En 1915 (cent cinquante-neuf photographies), des reportages sont consacrés à la protection de
la cathédrale d’Amiens, à l’école des gaz de Barleux, à la destruction des villages (Dancourt
et Grivillers notamment). Des positions d’artillerie et des systèmes défensifs – tranchées et
barricades – sont installés en plein cœur des villages (L’Échelle-Saint-Aurin, Beuvraignes,
Fescamps, Dancourt, Tilloloy). Les photographes visitent les cantonnements (Tilloloy, messe
à L’Échelle-Saint-Aurin). Une mission suédoise se rend dans la Somme.
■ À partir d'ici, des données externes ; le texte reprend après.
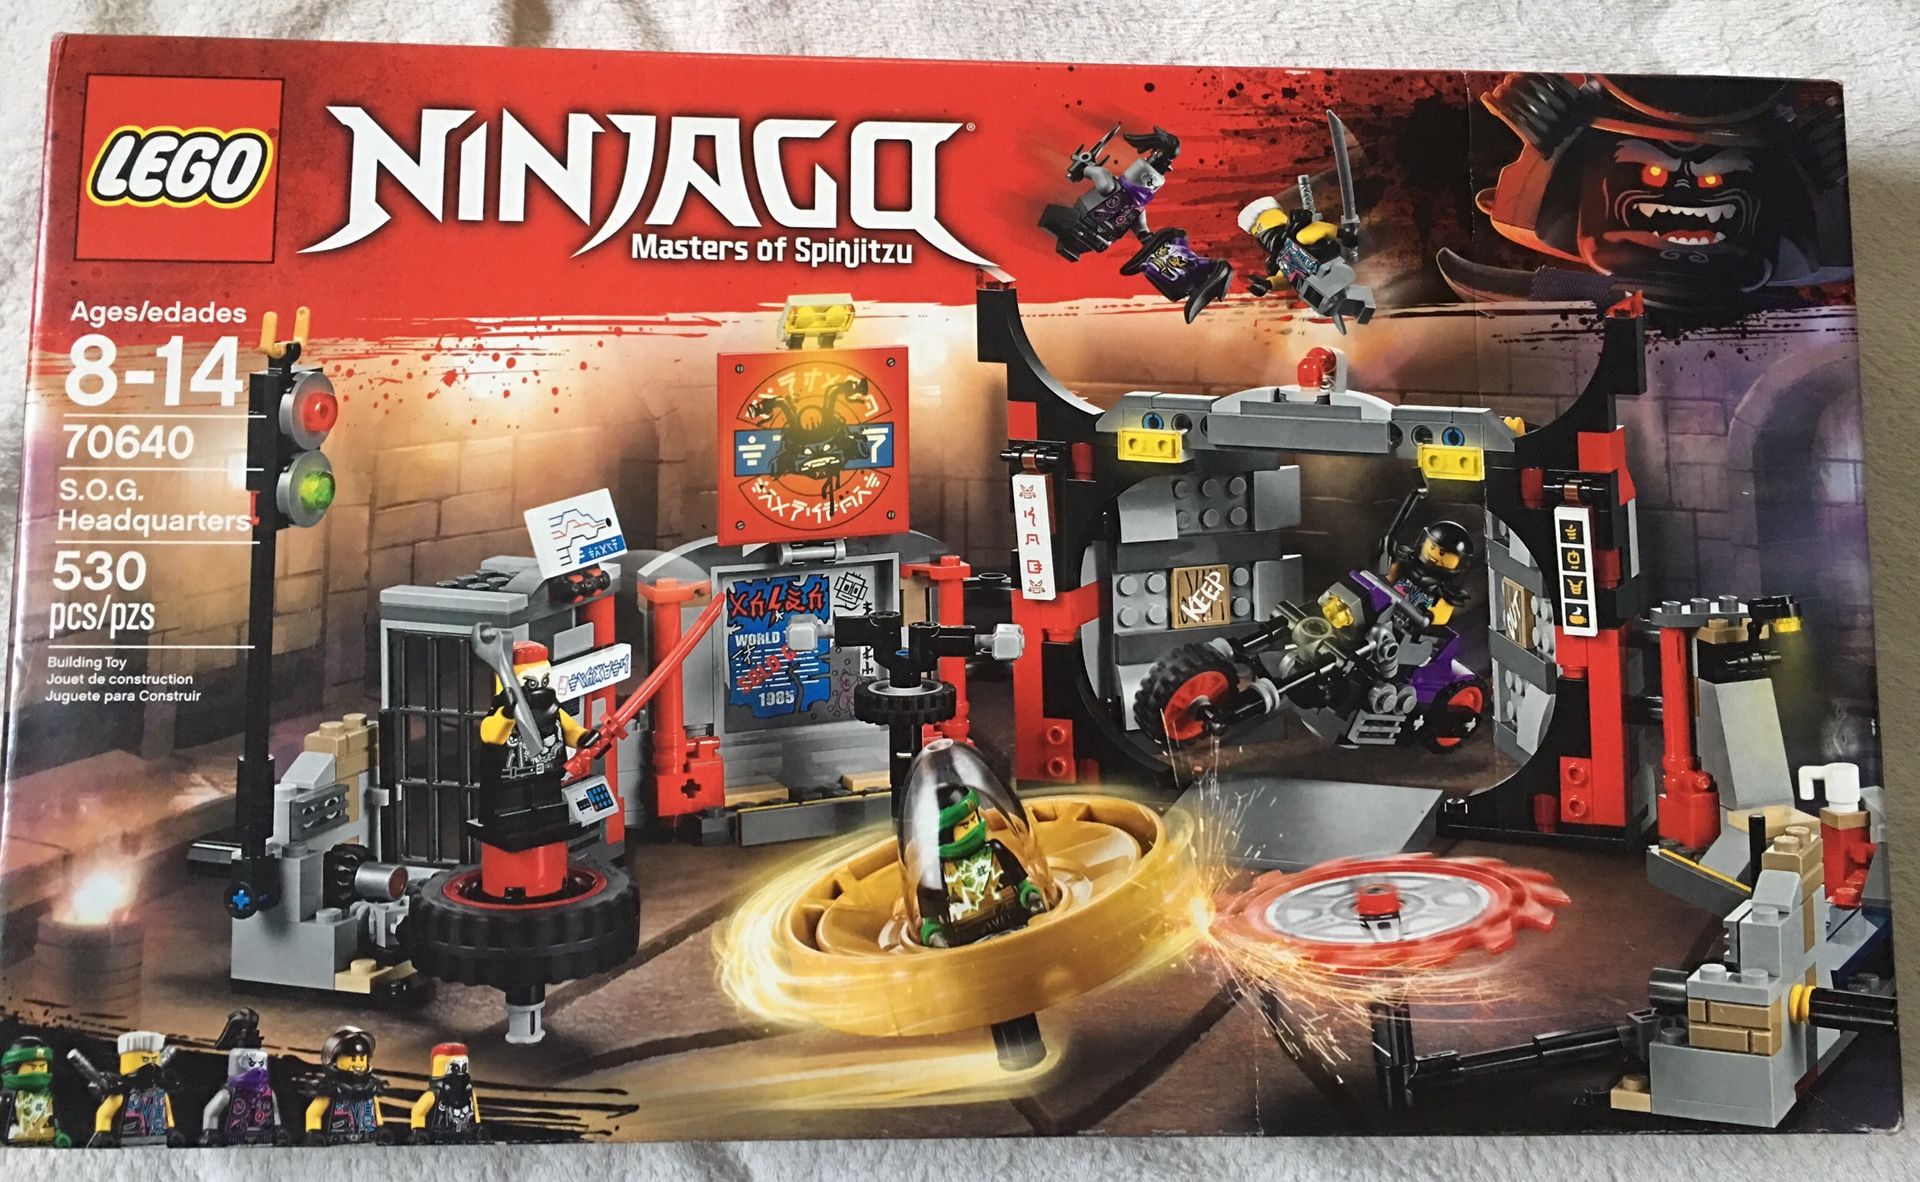 LEGO 70640 NEW Ninjago S.O.G. Headquarters $20 (530 pcs)
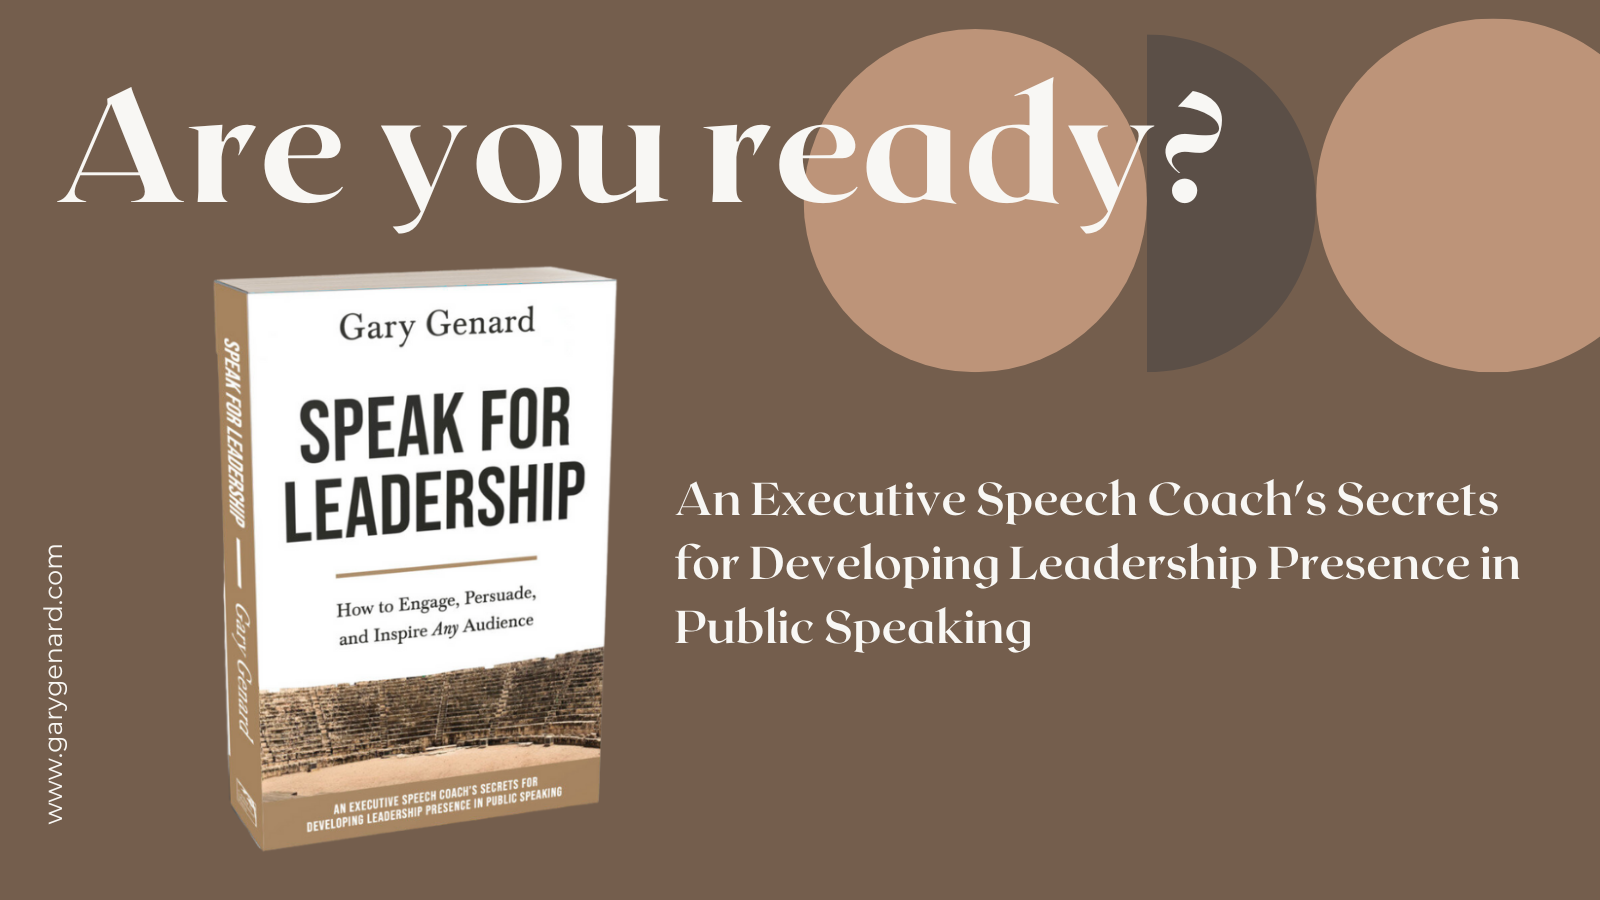 Le livre du Dr Gary Genard sur le fait de parler en tant que leader, Speak for Leadership.

L’année 1916 (environ trois mille photographies), comporte l’essentiel des clichés pris dans le
département au cours de la guerre, en vue d’illustrer un épisode majeur du conflit : la bataille
de la Somme (1er
juillet - 18 novembre). Au cours du premier semestre, les reporters militaires
observent la vie quotidienne des troupes cantonnées dans divers villages, par exemple à
Erches, Arvillers, Boves où a lieu un concert de musique militaire, Méharicourt, Rosières-en-
Santerre etc. (SPA 16 S). Des troupes étrangères sont présentes : britanniques (SPA 19 S),
ainsi que des troupes coloniales (spahis SPA 41 R, Sénégalais SPA 18 A et 43 R). Des civils
sont évacués (SPA 19 S et SPA 19 E).
La première bataille de la Somme
Plusieurs reportages sont consacrés à l’aménagement de l’arrière du front avant l’offensive
(installation d’un hôpital, d’un poste de secours souterrain, de lignes téléphoniques, d’abris et
de quais de débarquement, reportage SPA 19 E), ainsi qu’à la très importante préparation
d’artillerie précédant immédiatement les opérations (SPA 47 R, 22 S et 23 S) et se
poursuivant ensuite (SPA 21 R, parc d’artillerie de La Neuville-Sire-Bernard SPA 22 R et 33
S).
Références : SPA 23 S 1498
Bray-sur-Somme (Somme). Anglais et Français, 25 juin 1916.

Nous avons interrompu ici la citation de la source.